A register block is a set of bus interface addressable device words. Offset
values are relative to the device's address bus.
Register blocks
+consist of register block members specified by the ``definition`` attribute.
+Register block members are either instances of registers specified by the
+``registers`` attribute or instances of other register blocks specified by
+links with the :ref:`SpecTypeRegisterBlockIncludeRole`. Registers consists of
+bit fields (see :ref:`SpecTypeRegisterBitsDefinition`. The register block
+members are placed into the address space of the device relative to the base
+address of the register block.
This should be part of the bus-interface not the register block.
What I would like to specify is a set of registers. Each register has an address
and contains a set of bits. I really don't understand what is the point with the
bus interface here. All the datasheets I have seen so far use one or more
integers (or enumerators) to identify a register and a registers contains a
certain amount of bits. I used this register block specification also for
network switches which are accessed through SPI.
This is true for a lot of stuff that is wired into devices like SoCs. I work
with FPGA designers and the addressing they provide is relative to their IP's
address bus and not the final wired address bus, eg A0 of a device may be wired
to A2 of a CPU.
Yes, I don't see an issue here with the register block specification.
The offset in the register block specification could be the address
relative to the IP's address bus.
Register member offests and the register block
+size are specified in units of the address space granule. The address space
+granule is usually 8-bits also known as one byte. All explicit attributes shall
+be specified.
This may only be true for a linear memory mapped cache coherent bus-interface.

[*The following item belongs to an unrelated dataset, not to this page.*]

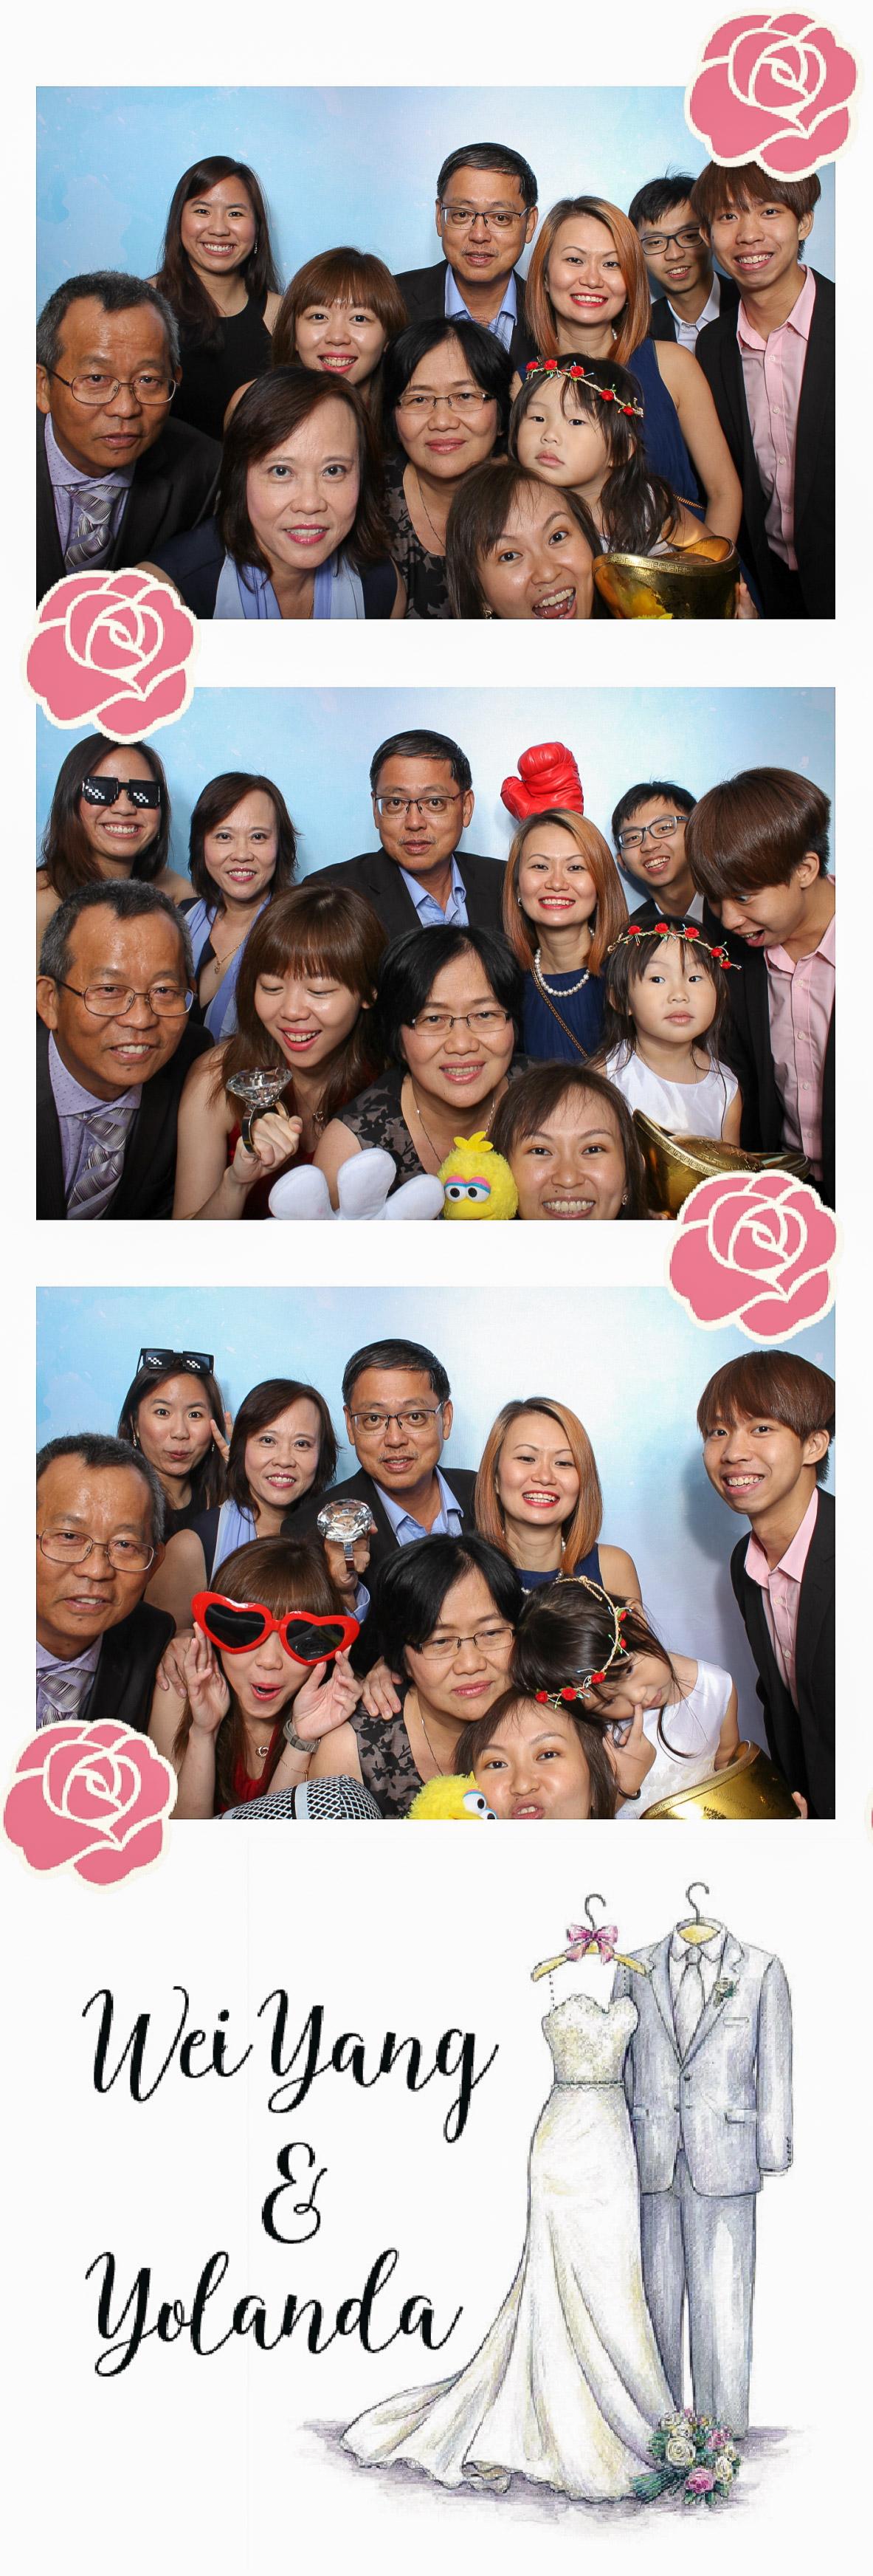 Photobooth 1706-52
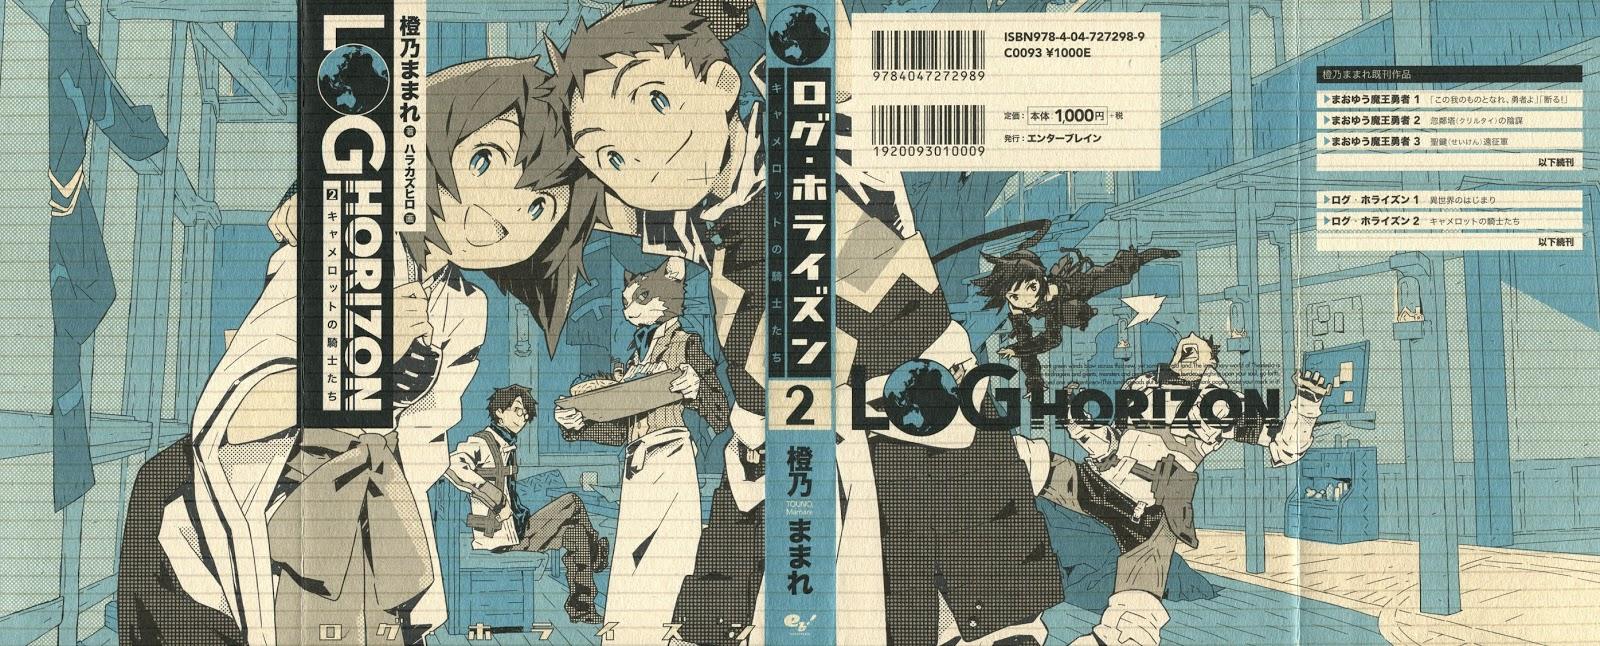 Anime, Fan Fiction And Books Oh My! Log Horizon, Volume 2

The register block spec becomes much simpler with the introduction of a bus
interface construct as most of these words could be removed.
And for you the bus-interface is simply "linear memory mapped cache coherent"
and in that you only need a simple statement on CPU word to device word mapping,
ie 1:1, the timing, ie timing is controlled by the CPU bus interface, and cache
coherence, ie the mapped address space needs to be cache coherent.
An important aspect of this approach to the specification is the implementation
is not detailed and if you wish to implement volatile structs and pointers
(<shudder>) or alternatively inline functions you can. The specification is the
same.
I don't see a restriction here with the current specification approach. You can
use a register bock specification and generate code for a particular bus system.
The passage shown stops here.